### EXERCISE DATA
##############################

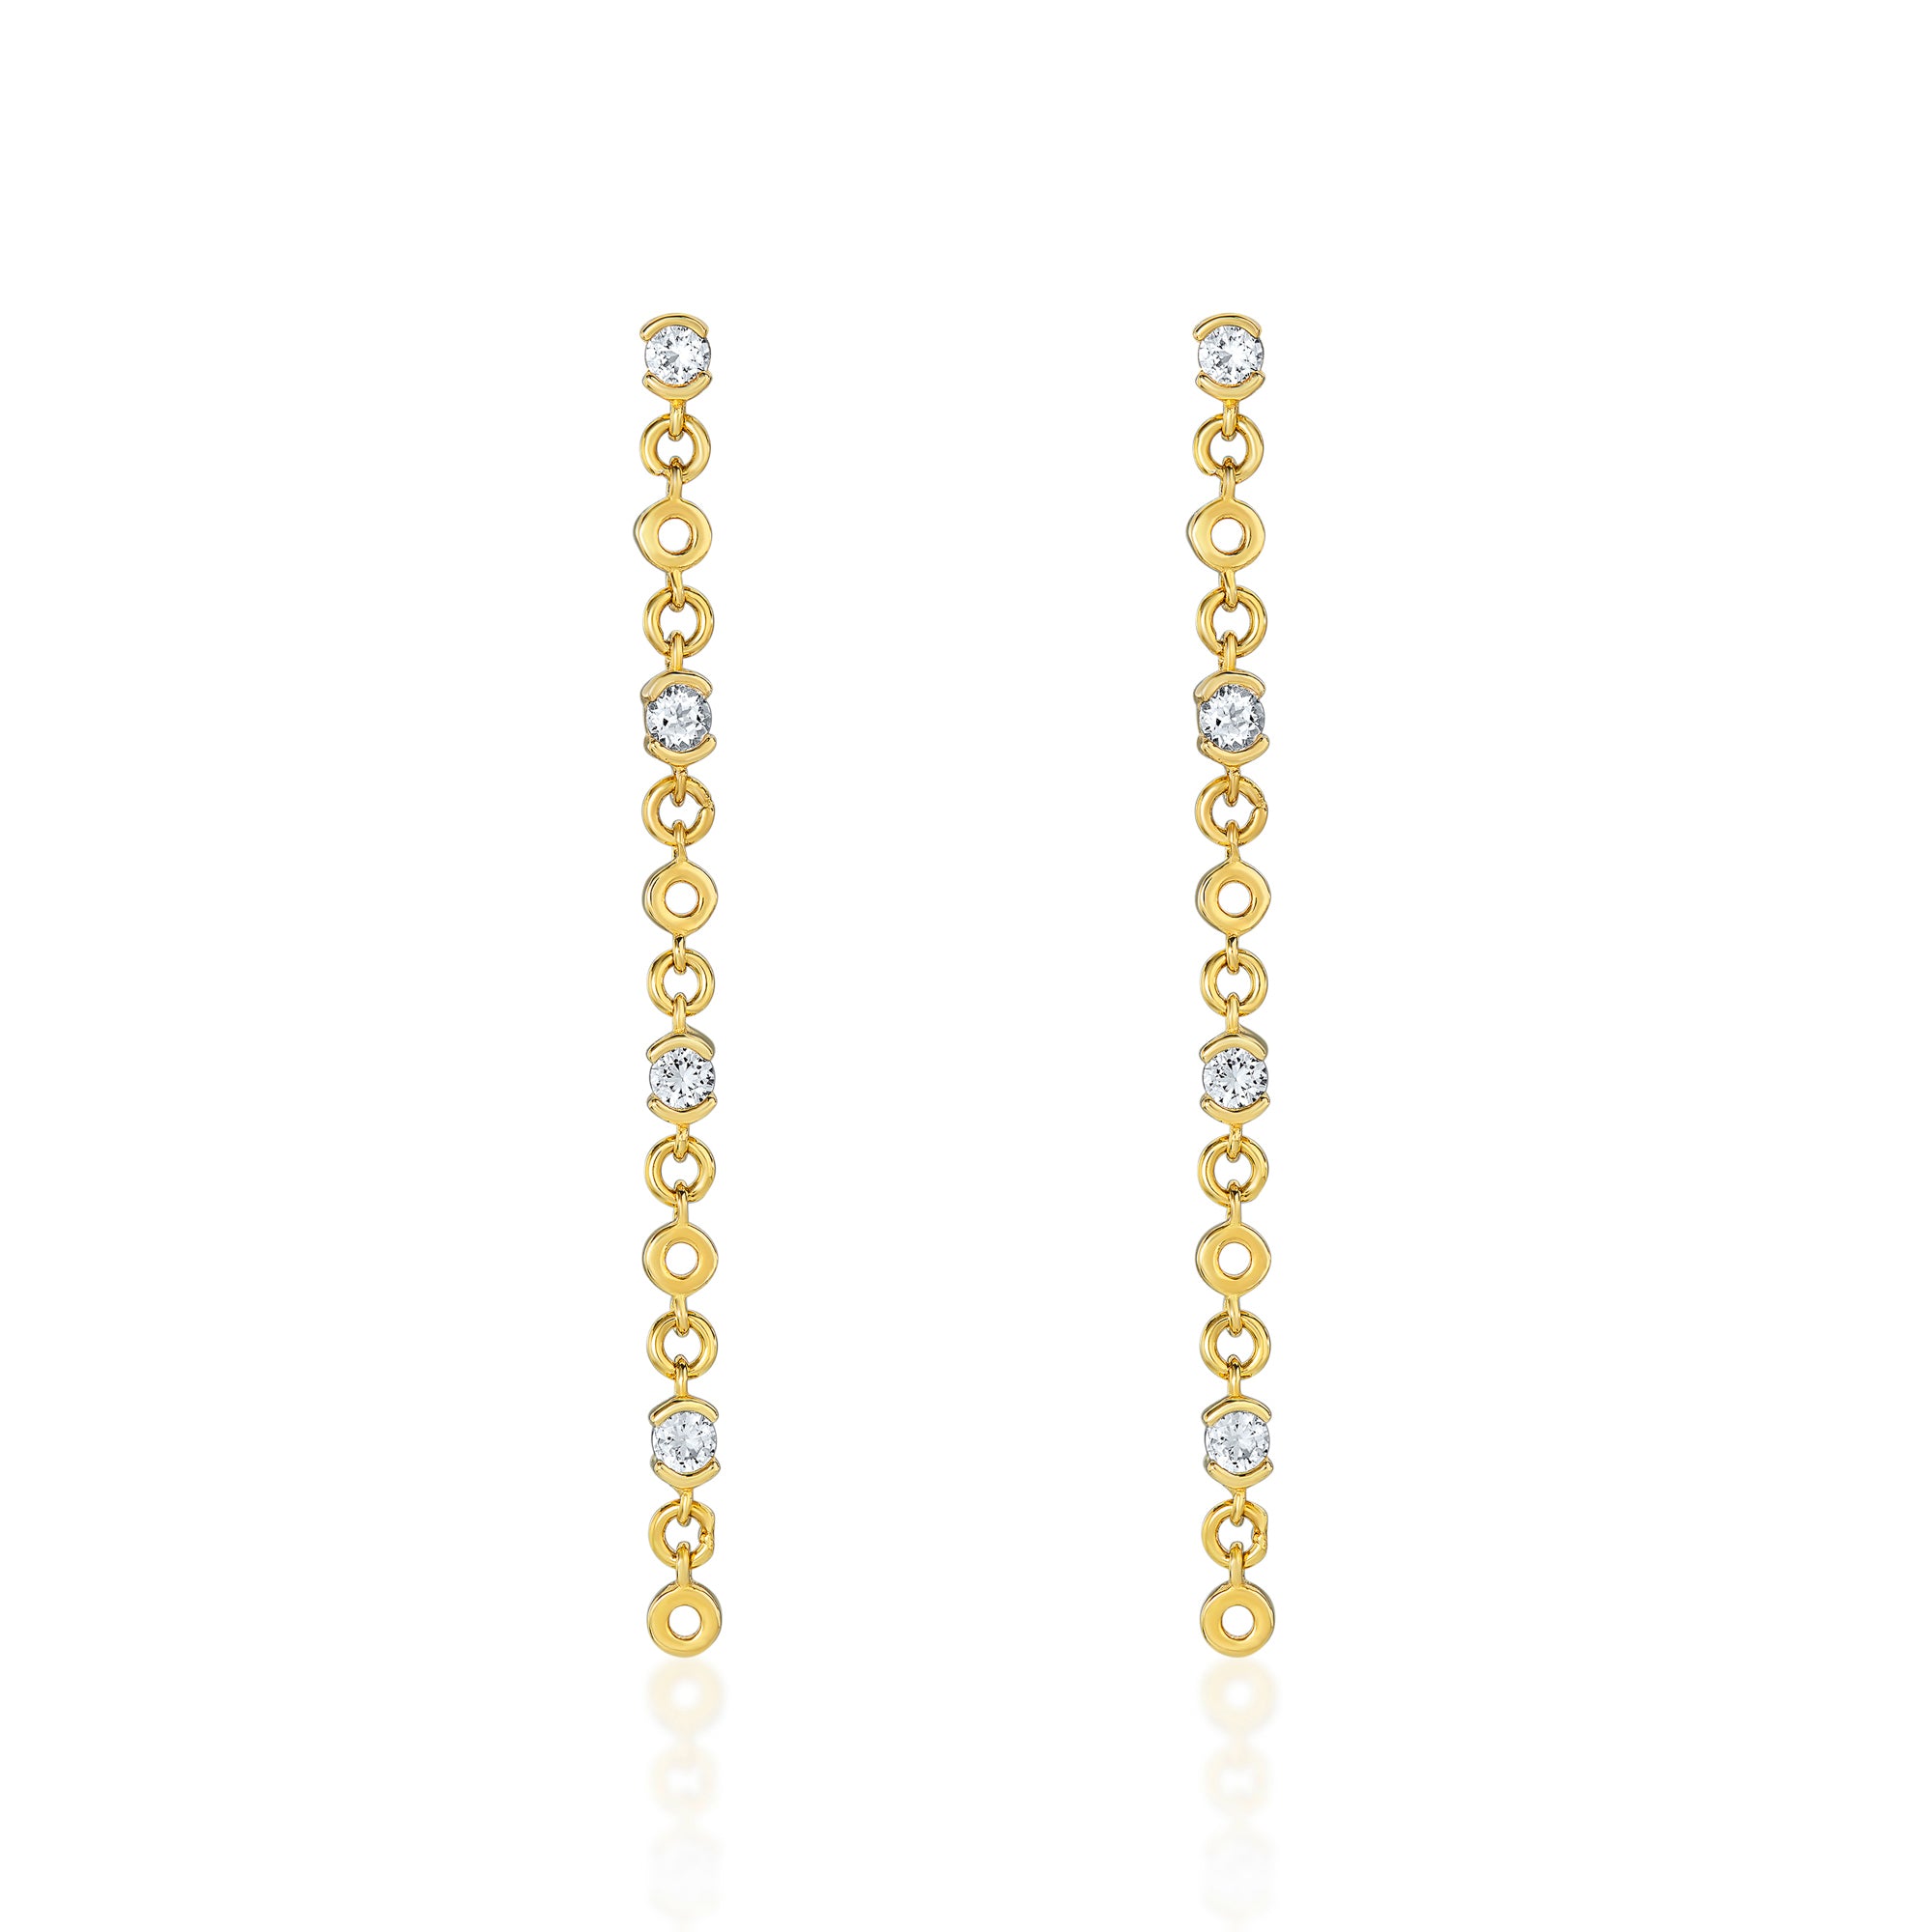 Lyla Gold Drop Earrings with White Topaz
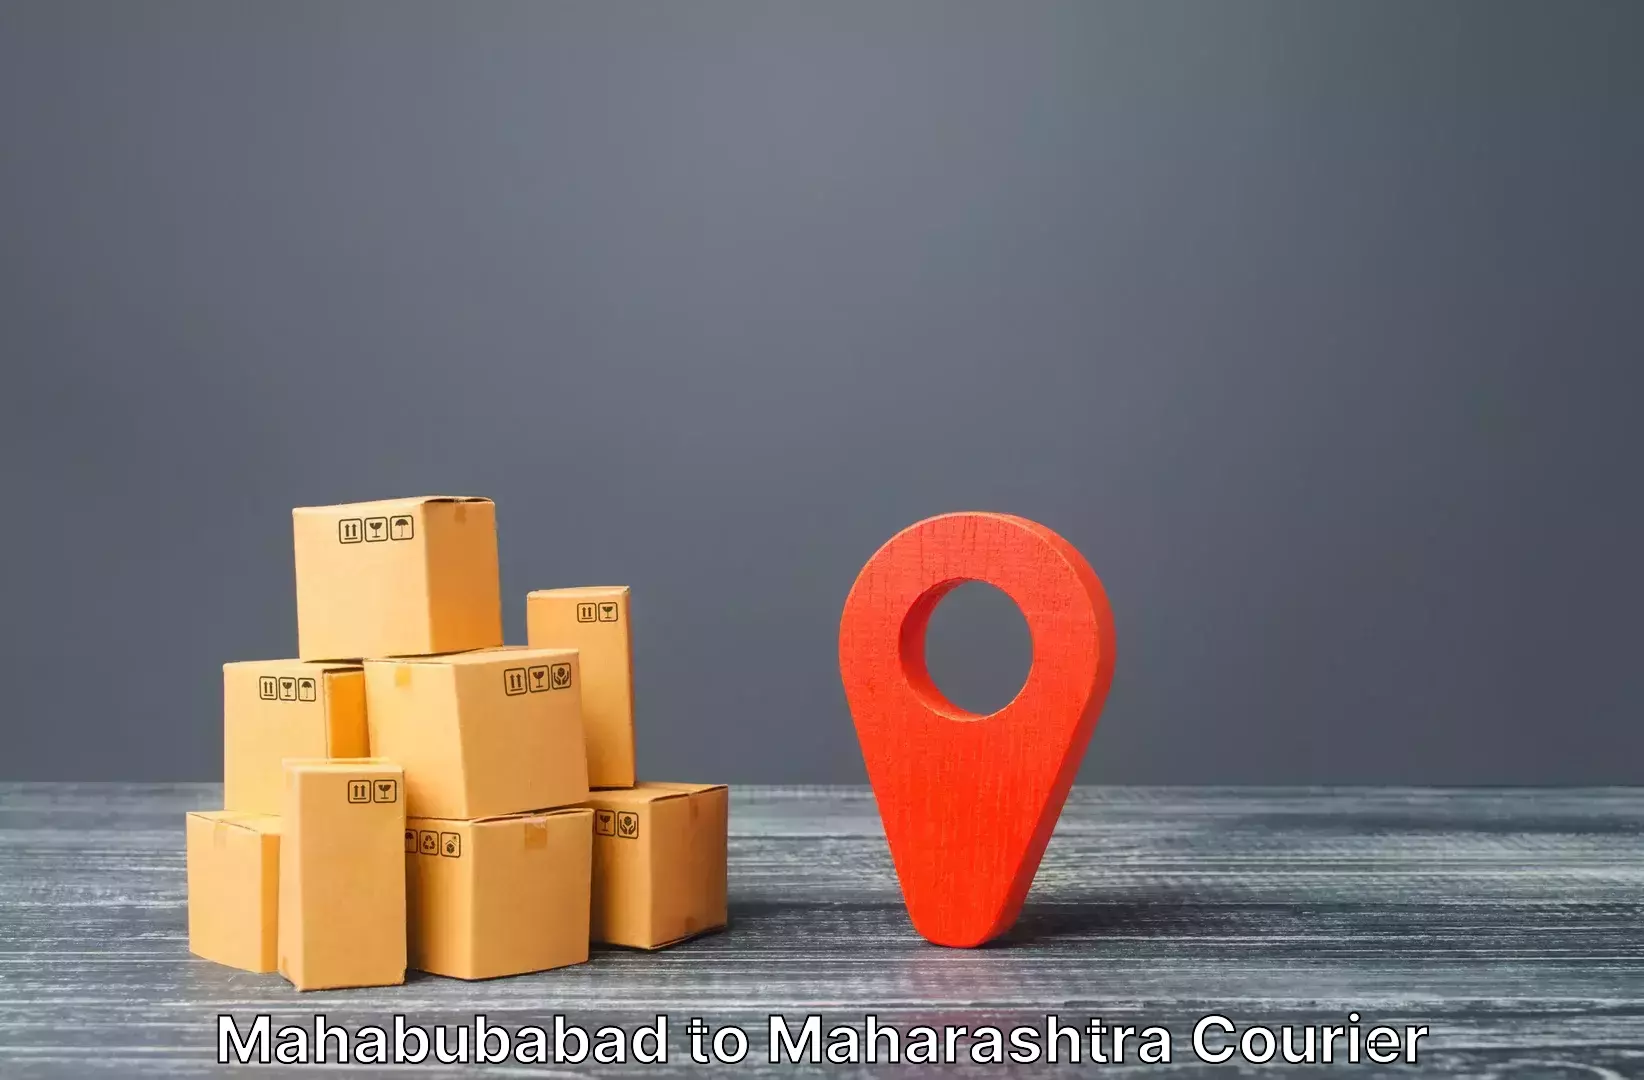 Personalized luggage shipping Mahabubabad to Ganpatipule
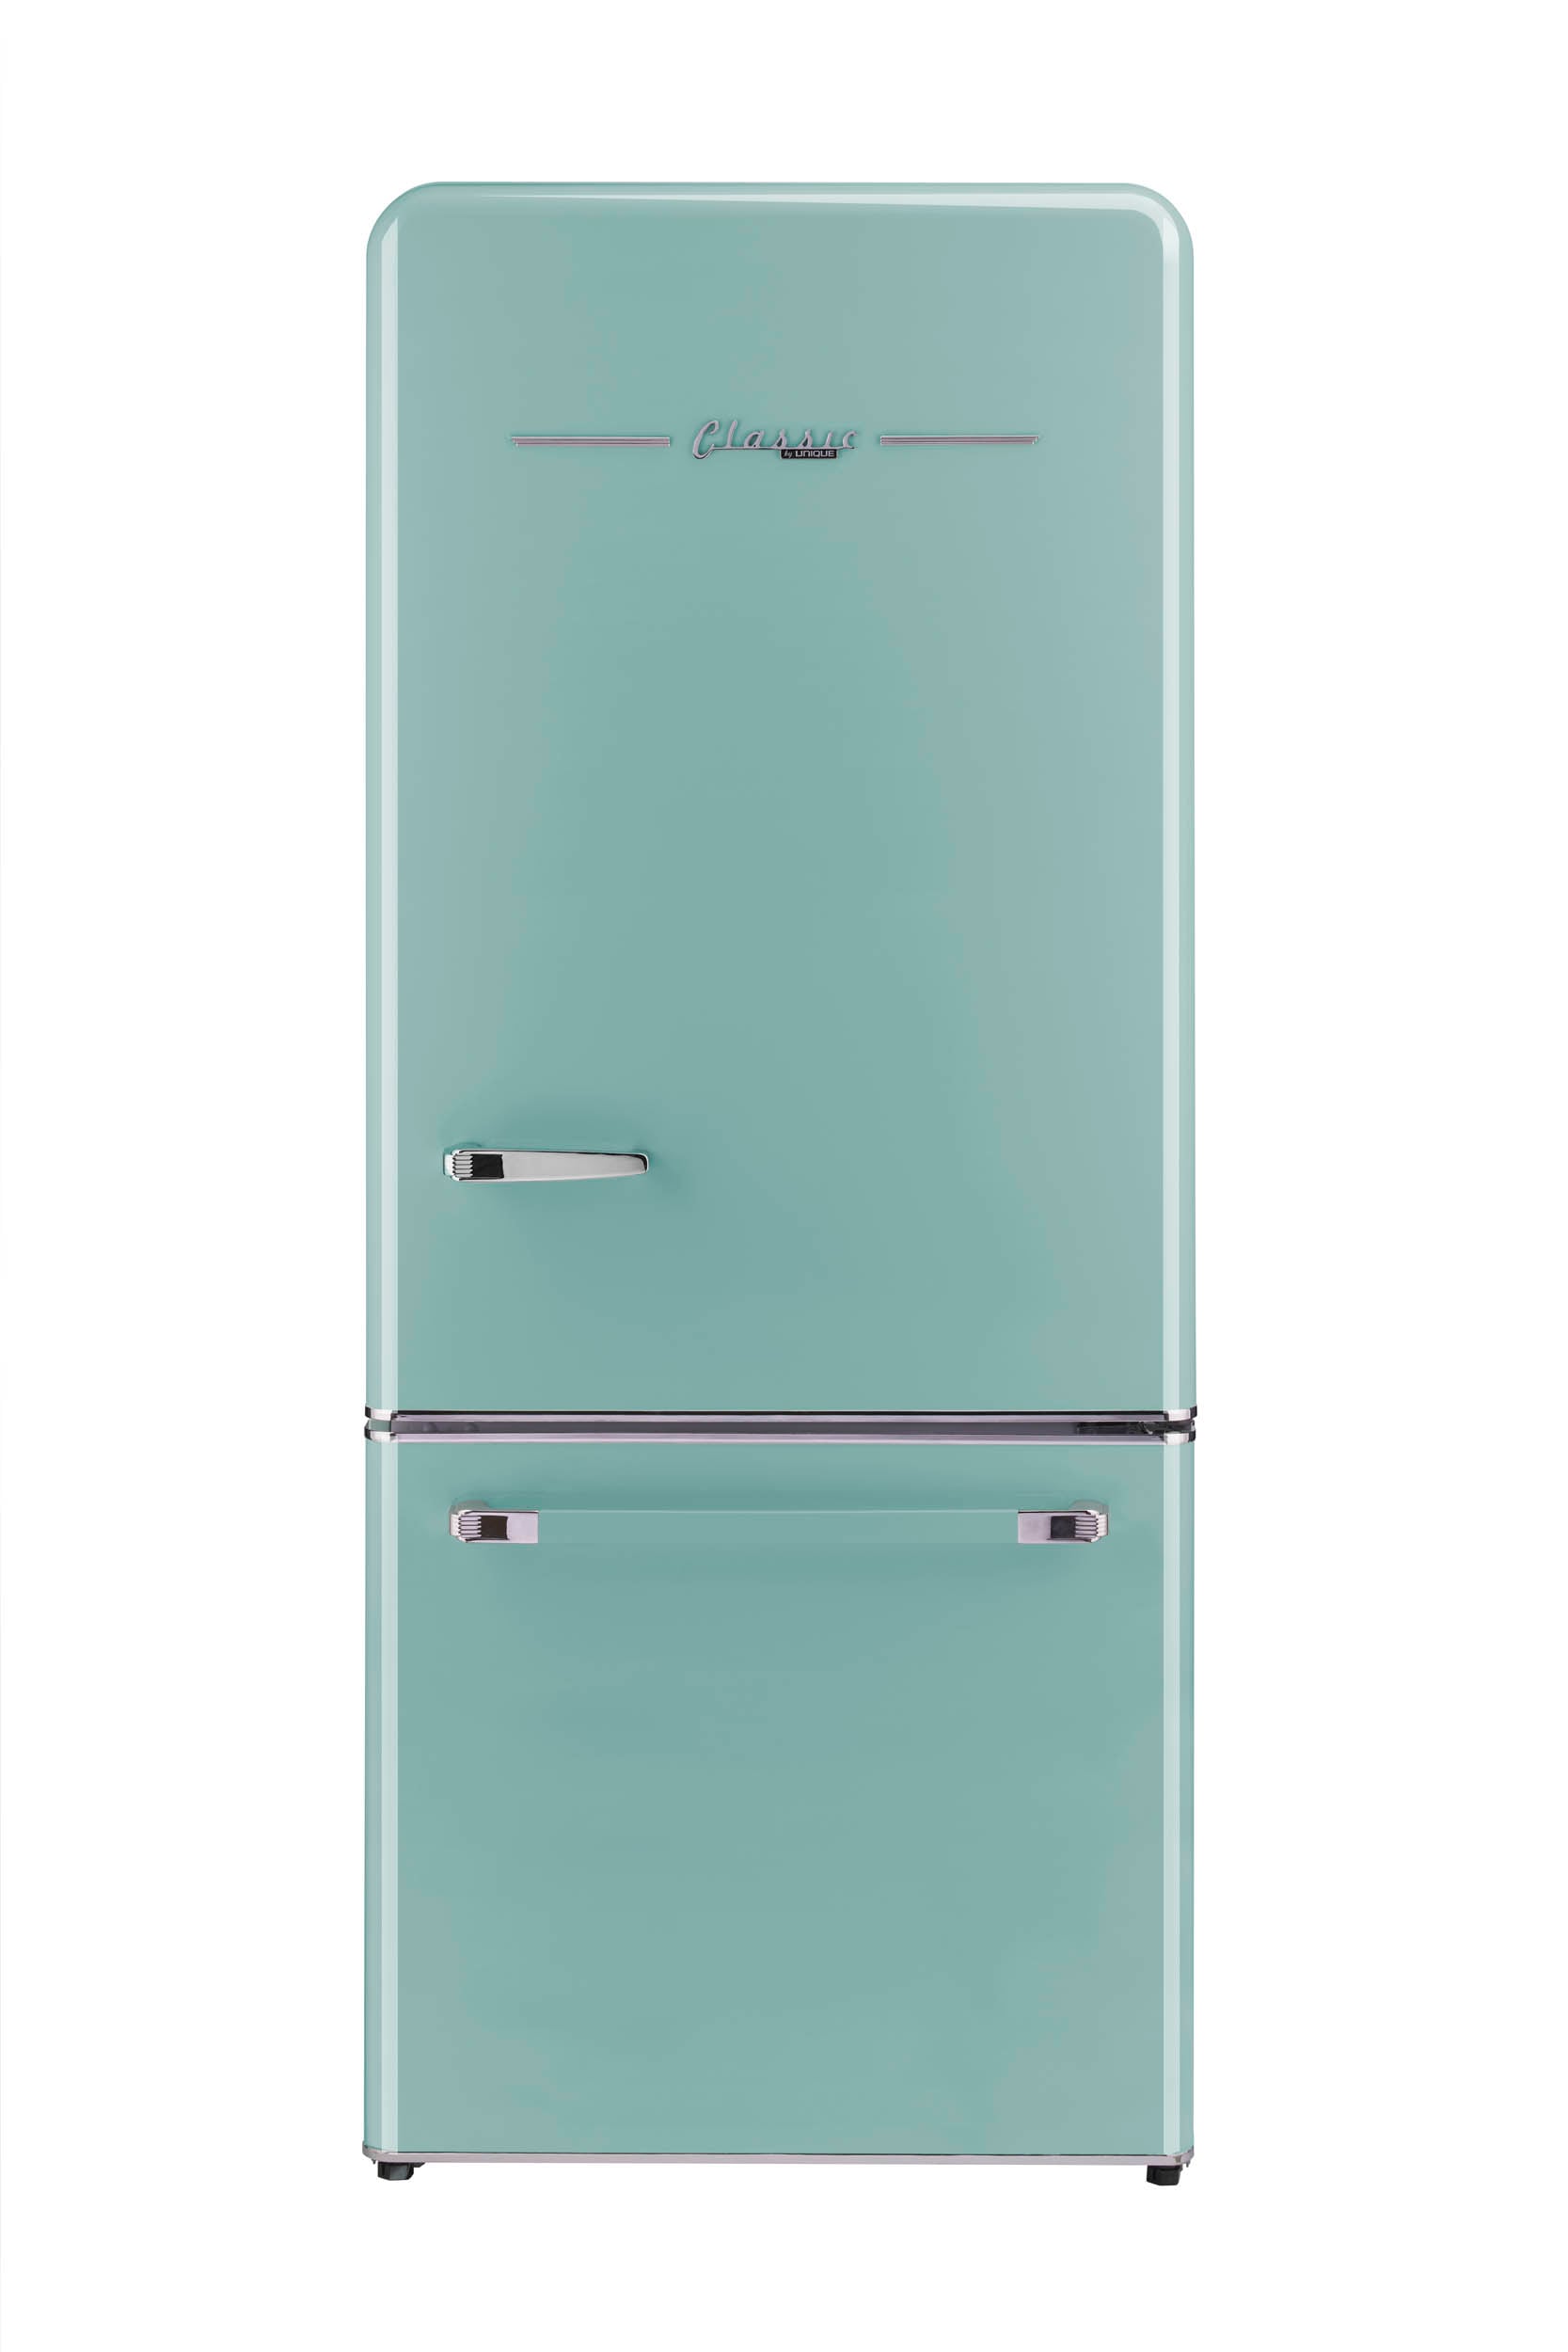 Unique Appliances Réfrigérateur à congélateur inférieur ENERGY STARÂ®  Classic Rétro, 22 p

##############################

### WHAT THE TASK ASKS
Once the pictures are set aside, what is needed is the lines from the line with "Personalized luggage shipping" through the end of the data, written out exactly and alone.

### REPLY TO THE TASK
 Personalized luggage shipping Mahabubabad to Ganpatipule
 Unique Appliances Réfrigérateur à congélateur inférieur ENERGY STARÂ®  Classic Rétro, 22 p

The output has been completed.